3. Unlike Microsoft's workaround, it doesn't blank out all the shortcuts on your Windows Start Menu - meaning your life (and that of your users) will be easier.

4. It's free to download:"  http://www.sophos.com/products/free-tools/sophos-windows-shortcut-exploit-protection-tool.html

Note:  when Microsoft releasees their official fix, the Sophos tool can be UNinstalled via Control Panel, Add/Remove Programs.

[ky331]

1) Microsoft has annonced plans to release an "out-of-band" security update to address this vulnerability on Monday, August 2, 2010 at or around 10 AM PDT. http://blogs.technet.com/b/msrc/archive/2010/07/29/out-of-band-release-to-address-microsoft-security-advisory-2286198.aspx

2) In addition to the "families" of malware already cited above, Microsoft has taken special note of a newly discovered "highly virulent strain [called Sality].  It is known to infect other files (making full removal after infection challenging), copy itself to removable media, disable security, and then download other malware".   http://blogs.technet.com/b/mmpc/archive/2010/07/30/stuxnet-malicious-lnks-and-then-there-was-sality.aspx

Virus:Win32/Sality.AT is "a detection for a virus that spreads by infecting Windows executable files and by copying itself to removable and remote drives.

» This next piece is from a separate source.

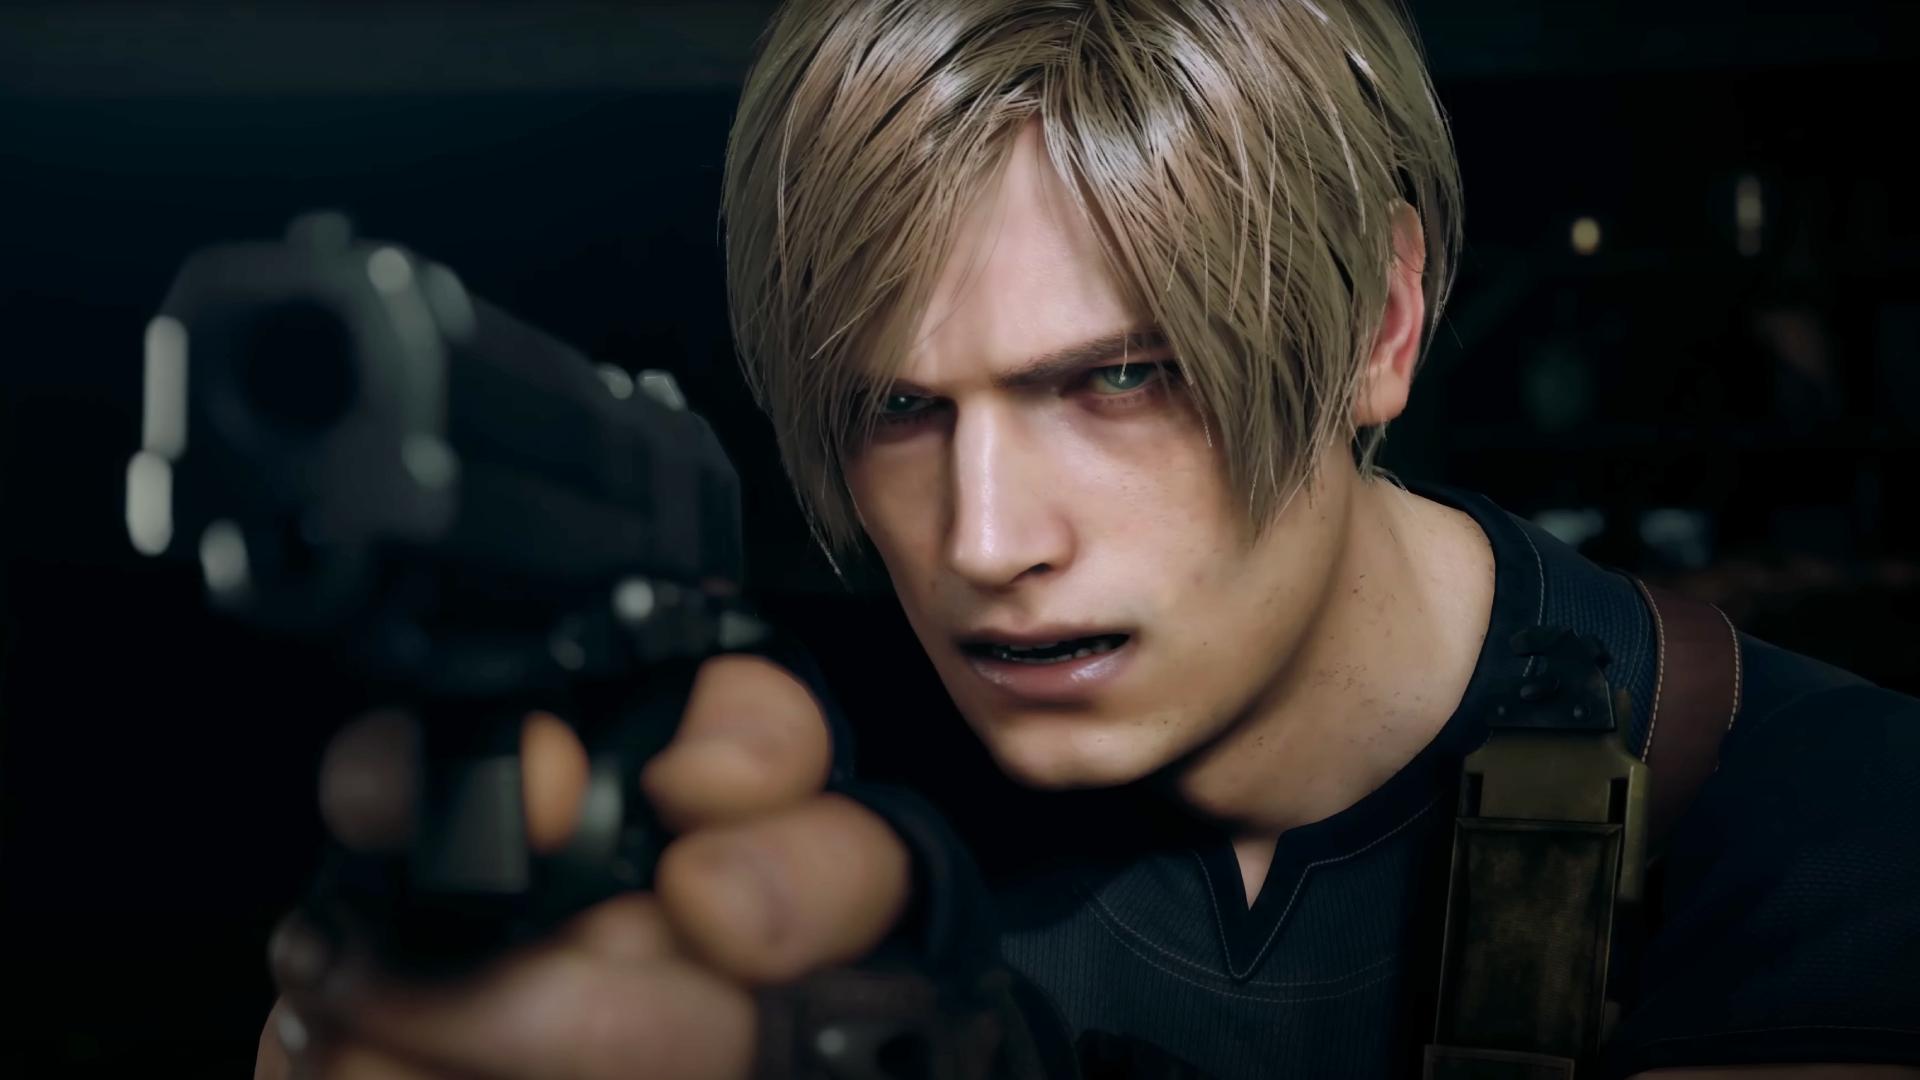 Resident Evil 4 Remake - Playing as Ada Wong Gameplay 
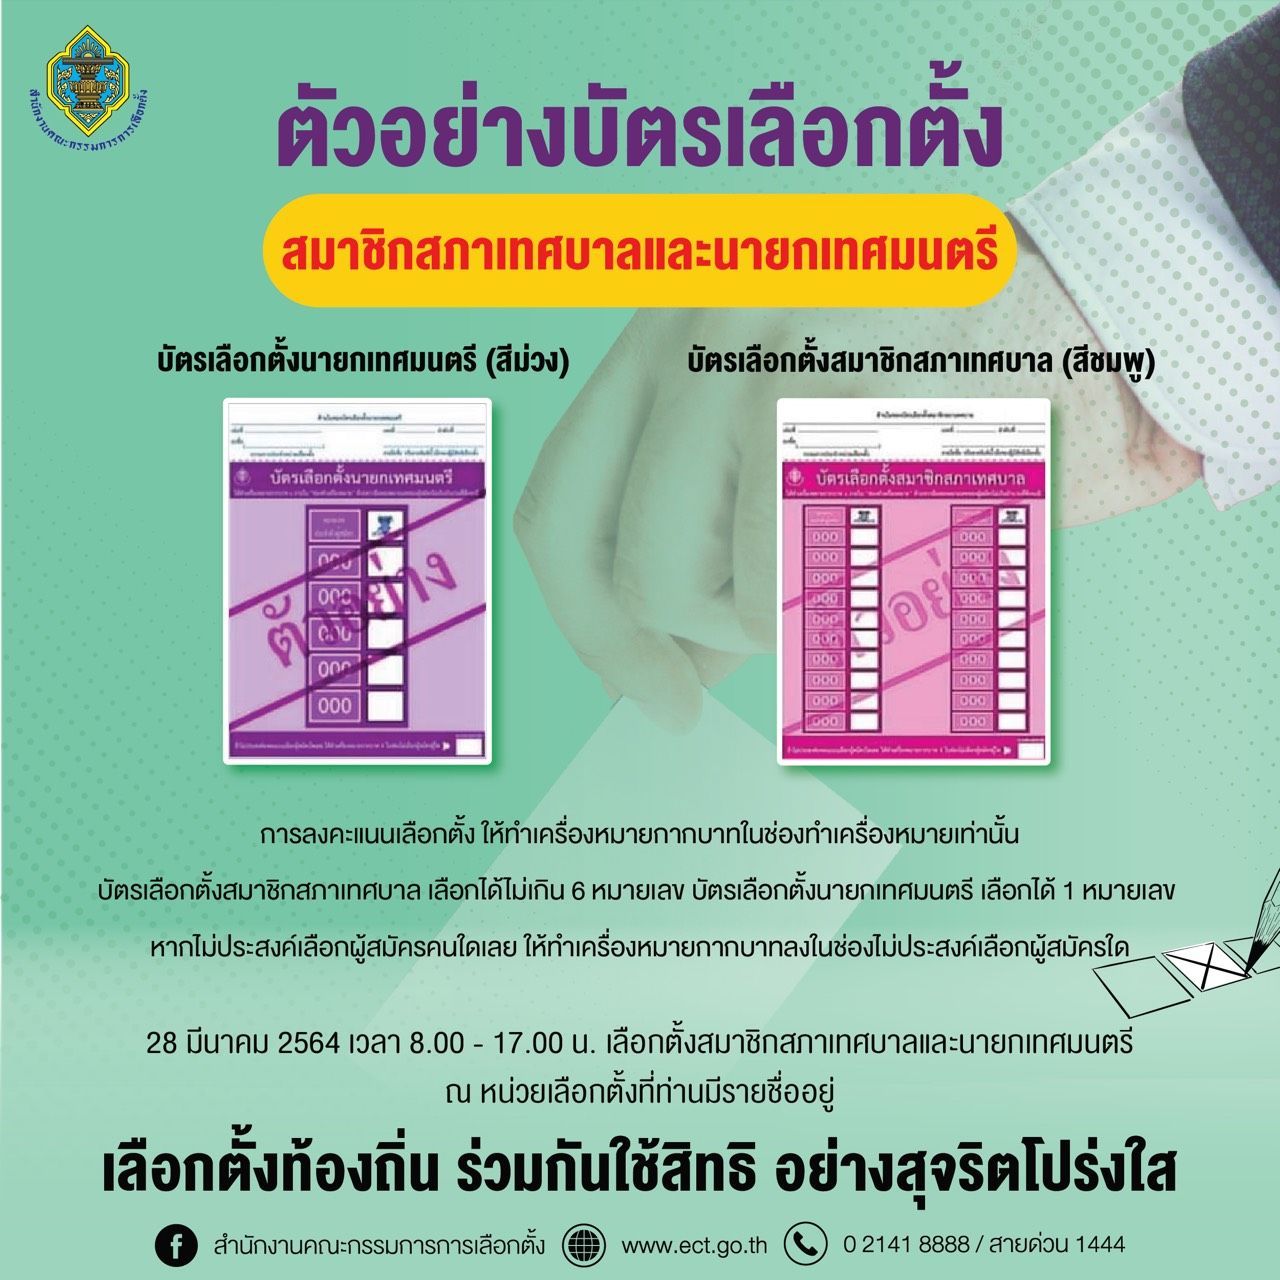 เปิดตัวอย่างบัตรเลือกตั้งเทศบาล 28 มีนาคม “สีม่วง-ชมพู” ใช้อย่างไร

It also terminates various security products, prevents certain Windows utilities from executing and attempts to download additional files from a predefined remote Web server". http://www.microsoft.com/security/portal/Threat/Encyclopedia/Entry.aspx?Name=Virus%3aWin32%2fSality.AT

[ky331]

Now available through windows updates:

MS10-046 Vulnerability in Windows Shell Could Allow Remote Code Execution (2286198)

This security update resolves a publicly disclosed vulnerability in Windows Shell.

The vulnerability could allow remote code execution if the icon of a specially crafted shortcut is displayed.

-----------------

NOTE:   The presumption is that anyone who applied the SOPHOS (or other work-around) "tools" should UNdo them before applying Microsoft's solution.

[ky331]

there seems to be a slight "controversy" brewing here, about whether one needs to UNdo the Microsoft work-around ( FixIt 50486 ).
Calendar of Updates is advising people that "you do not need to undo the work-around"  (i.e., "you do not need to use FixIt solution 50487 to disable the work-around").   http://www.calendarofupdates.com/updates/index.php?app=calendar&module=calendar&cal_id=&do=showevent&event_id=76441

However, Microsoft itself indicates that they are leaving the "Fix-It" on line "so that [users] can undo the  Fix It  after you install the security update".  http://support.microsoft.com/kb/2286198     If Microsoft suggests the plausibility/necessity of undoing the FixIt after installing the security update, it seems to me all the more reasonable for one to remove it [even]  before  installing the security update.

The bottom line:   even if today's Security Update automatically undoes the FixIt --- which I don't believe it does ---  it couldn't hurt anything to manually undo the FixIt first.

As for people who used an alternative FixIt tool, such as the one by SOFOS, I would certainly advocate that this be undone PRIOR to applying the Microsoft Update.